*** Opening Material for this exercise ***

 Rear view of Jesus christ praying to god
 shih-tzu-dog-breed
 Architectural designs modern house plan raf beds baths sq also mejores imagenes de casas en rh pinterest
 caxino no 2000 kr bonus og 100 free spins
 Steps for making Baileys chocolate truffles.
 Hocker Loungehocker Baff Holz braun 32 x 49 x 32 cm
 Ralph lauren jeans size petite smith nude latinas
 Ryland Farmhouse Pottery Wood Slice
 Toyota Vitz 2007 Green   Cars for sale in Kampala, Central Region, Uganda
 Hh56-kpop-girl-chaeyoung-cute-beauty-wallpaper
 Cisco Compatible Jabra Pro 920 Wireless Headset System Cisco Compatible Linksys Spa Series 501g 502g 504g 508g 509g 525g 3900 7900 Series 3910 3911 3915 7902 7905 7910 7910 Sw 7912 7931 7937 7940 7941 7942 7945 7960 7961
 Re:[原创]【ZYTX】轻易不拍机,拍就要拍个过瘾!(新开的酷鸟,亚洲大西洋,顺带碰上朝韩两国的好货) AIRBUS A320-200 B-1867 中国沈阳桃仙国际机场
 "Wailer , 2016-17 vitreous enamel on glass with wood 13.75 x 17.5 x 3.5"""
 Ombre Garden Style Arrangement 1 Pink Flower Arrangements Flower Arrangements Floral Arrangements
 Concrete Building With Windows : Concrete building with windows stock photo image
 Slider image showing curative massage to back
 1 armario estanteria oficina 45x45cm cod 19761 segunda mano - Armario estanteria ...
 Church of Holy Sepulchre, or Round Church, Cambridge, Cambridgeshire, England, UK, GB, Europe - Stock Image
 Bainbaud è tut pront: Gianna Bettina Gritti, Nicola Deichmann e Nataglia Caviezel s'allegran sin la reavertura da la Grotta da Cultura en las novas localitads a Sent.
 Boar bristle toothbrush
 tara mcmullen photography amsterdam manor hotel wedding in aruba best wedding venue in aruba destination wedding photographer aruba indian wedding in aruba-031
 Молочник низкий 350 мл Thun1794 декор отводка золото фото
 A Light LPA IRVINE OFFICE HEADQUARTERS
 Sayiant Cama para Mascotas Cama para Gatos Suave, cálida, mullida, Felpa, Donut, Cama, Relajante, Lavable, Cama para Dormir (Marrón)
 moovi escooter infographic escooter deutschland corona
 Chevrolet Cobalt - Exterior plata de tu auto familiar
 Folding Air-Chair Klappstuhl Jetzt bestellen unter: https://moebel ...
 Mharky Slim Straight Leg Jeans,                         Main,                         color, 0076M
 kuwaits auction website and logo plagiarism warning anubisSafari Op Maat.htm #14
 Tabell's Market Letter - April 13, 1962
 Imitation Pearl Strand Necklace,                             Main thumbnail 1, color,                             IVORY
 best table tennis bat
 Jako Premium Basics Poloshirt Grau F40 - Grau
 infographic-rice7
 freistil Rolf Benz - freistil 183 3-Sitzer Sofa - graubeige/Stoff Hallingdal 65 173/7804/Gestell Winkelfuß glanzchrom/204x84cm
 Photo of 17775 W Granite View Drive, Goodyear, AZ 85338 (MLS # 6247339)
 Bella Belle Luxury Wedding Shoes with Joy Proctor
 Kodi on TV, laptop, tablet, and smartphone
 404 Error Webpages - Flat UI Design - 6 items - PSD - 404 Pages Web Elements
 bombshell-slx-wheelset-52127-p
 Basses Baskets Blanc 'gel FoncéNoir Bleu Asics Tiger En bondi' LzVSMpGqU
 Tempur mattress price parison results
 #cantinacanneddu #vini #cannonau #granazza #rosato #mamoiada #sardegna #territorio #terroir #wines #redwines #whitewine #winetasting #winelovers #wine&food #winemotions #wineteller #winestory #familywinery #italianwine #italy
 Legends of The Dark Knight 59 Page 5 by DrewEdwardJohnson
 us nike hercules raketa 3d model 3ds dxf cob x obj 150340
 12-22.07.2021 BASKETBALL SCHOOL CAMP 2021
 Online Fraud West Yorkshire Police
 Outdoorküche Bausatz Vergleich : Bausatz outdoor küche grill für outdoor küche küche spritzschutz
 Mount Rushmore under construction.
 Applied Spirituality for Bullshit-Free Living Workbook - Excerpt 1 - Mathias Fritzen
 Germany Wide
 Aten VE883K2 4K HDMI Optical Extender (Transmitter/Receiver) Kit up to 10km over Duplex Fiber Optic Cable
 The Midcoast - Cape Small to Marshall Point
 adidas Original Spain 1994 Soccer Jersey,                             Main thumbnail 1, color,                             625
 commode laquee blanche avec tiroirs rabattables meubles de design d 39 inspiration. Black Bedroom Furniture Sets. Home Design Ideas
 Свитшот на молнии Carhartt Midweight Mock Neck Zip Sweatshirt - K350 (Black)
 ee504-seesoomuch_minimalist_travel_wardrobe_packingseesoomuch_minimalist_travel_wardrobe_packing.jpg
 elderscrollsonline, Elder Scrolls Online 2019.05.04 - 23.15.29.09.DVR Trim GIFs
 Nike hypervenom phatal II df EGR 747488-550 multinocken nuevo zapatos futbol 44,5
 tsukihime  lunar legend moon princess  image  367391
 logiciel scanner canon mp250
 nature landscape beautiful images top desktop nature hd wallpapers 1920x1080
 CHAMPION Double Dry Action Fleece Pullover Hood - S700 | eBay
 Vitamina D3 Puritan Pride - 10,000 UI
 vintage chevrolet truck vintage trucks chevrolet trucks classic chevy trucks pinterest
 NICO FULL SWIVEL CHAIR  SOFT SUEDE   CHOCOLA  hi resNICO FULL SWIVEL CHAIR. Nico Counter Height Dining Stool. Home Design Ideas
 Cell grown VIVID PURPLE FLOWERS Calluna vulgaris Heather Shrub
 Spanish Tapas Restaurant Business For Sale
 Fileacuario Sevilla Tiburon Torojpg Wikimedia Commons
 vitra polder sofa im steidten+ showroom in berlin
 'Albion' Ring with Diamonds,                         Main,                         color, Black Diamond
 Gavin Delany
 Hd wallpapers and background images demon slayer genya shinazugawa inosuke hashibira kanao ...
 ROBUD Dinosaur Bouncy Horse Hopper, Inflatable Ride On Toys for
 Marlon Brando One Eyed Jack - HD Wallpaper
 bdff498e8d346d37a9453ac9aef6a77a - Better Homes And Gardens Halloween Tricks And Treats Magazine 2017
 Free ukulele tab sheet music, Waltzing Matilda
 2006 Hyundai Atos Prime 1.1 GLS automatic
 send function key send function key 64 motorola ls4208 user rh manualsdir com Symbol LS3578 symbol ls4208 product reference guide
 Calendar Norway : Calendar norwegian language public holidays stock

*** Closing Material for this exercise ***

Problem to solve: Set apart and copy each line of the records that holds the word "wallpapers".

Task solution:
 nature landscape beautiful images top desktop nature hd wallpapers 1920x1080
 Hd wallpapers and background images demon slayer genya shinazugawa inosuke hashibira kanao ...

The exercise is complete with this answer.